Texas Politics’ Strange Frozen Parody

Texas Politics’ Strange Frozen Parody

What do you do when your political career is flailing and the election is only weeks away? For Texas's Lieutanant Governor David Dewhurst, you have your campaign release a parody of the song "Let It Go" from the movie Frozen with your opponent looking like a 10-year-old JibJab animation.

David Dewhurst is in his third term as Lieutenant Governor of Texas but is considered a significant underdog in his re-election bid against Dan Patrick, a Texas state senator who previously made his name in Houston talk radio. Patrick has been hammering conservative Dewhurst from the right as a Tea Party candidate and finished well ahead in the initial Republican primary election in March. However, Patrick didn't win the majority necessary to avoid a runoff and the tough race between the two has lingered on for the past two months with Patrick heavily favored. With little to lose, Dewhurst has gone increasingly negative and waged a scorched earth campaign.

In his newest ad, he has Patrick singing a parody of "Let It Go" that focuses the state senator's change of his last name from Goeb to Patrick. Dewhurst's campaign has claimed that the name change was an effort to cover up a bankruptcy. However, it really occured because Patrick needed a stage name when he entered broadcasting as his first boss found Goeb to be unsuitable.

This is likely to be Dewhurst's second go-around losing a GOP primary in the past two years. In 2012, he was annointed to be Kay Bailey Hutchison's successor in the U.S. Senate with only obstacle in his way, a relatively unknown conservative lawyer named Ted Cruz. While Dewhurst ran ahead of Cruz in the first round of the primary, he ended up losing handily to Cruz in a runoff.
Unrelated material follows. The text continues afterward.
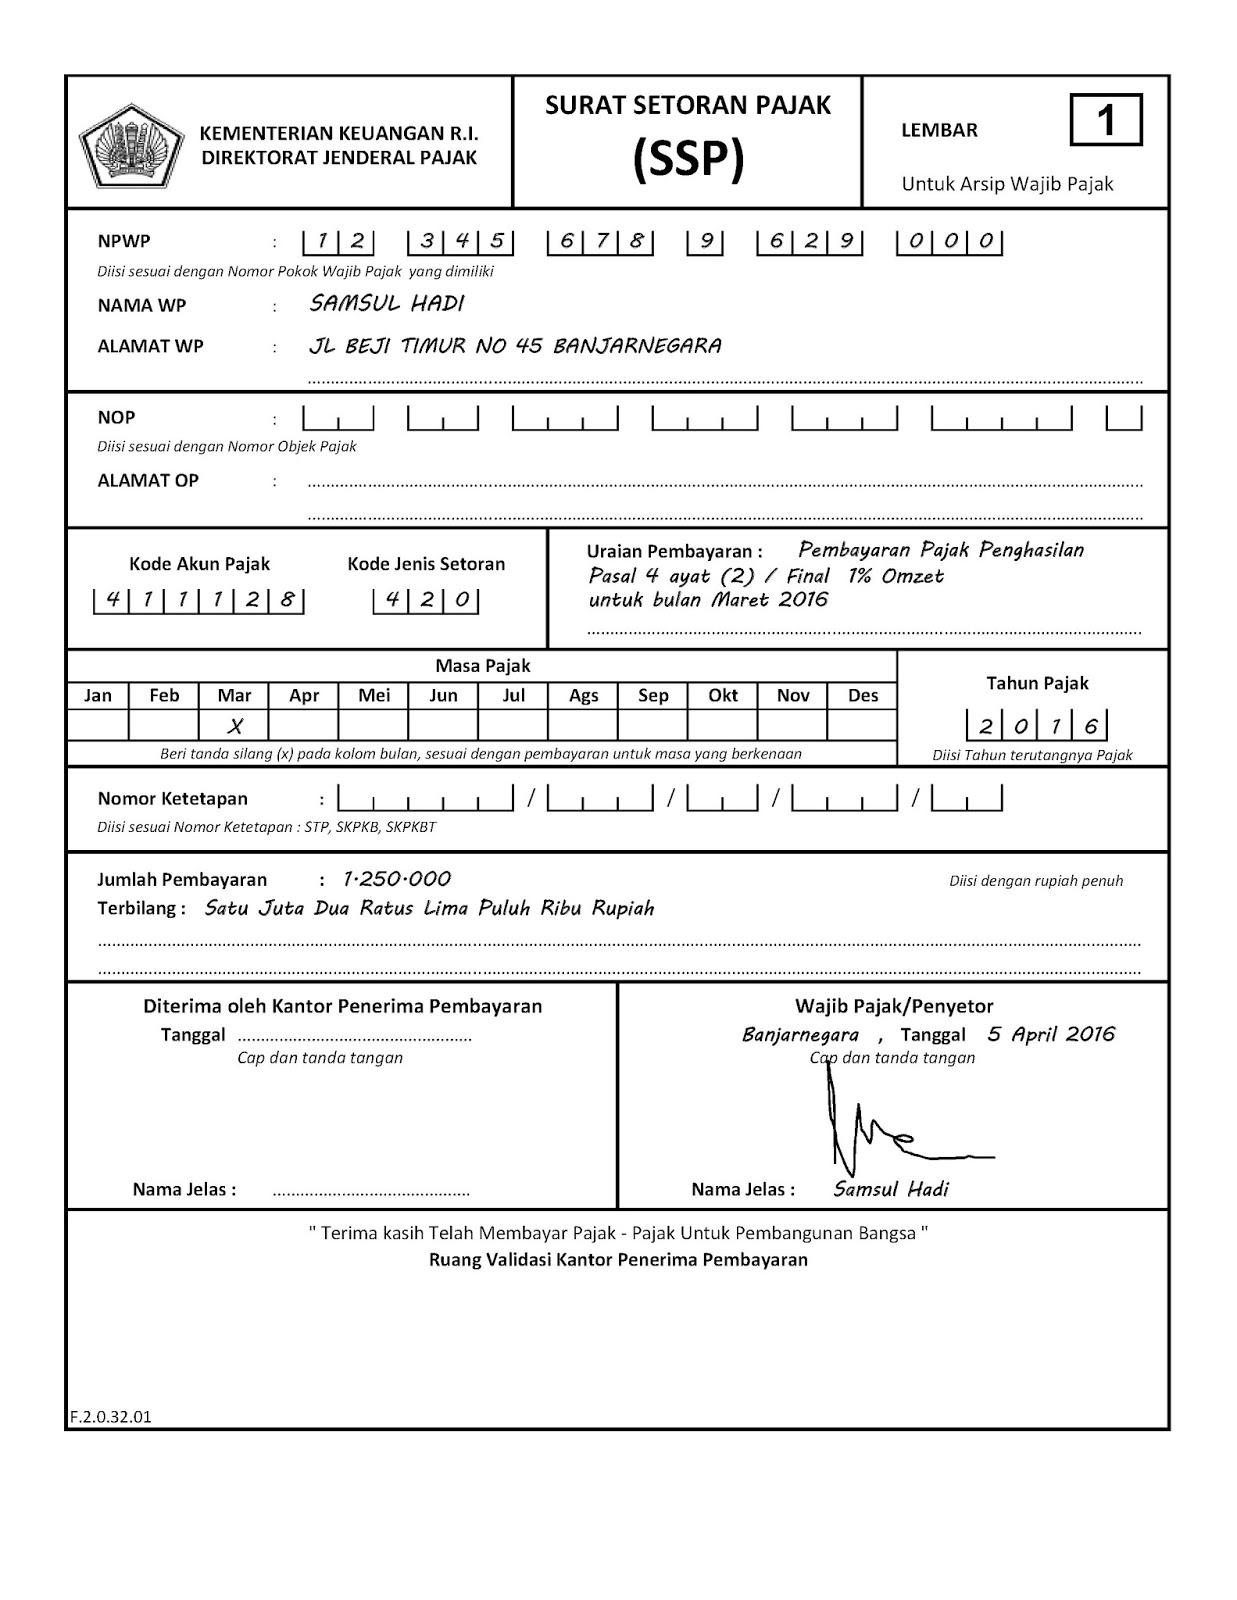 contoh surat setoran pajak elektronik surat 6

While Dewhurst does have other potential lines of attack, he's likely to be far better candidate in a competitive general election against state senator Leticia Van De Putte than Patrick, who has been ranked one of the worst lawmakers in the state by Texas Monthly (according to that publication, Patrick is both a "bully and an ideologue"), those aren't likely to fly in a Texas Republican primary runoff where the voters who turn out tend to be the most ideologically conservative. Instead, Dewhurst simply has to hope channeling Idina Menzel somehow leads him to victory.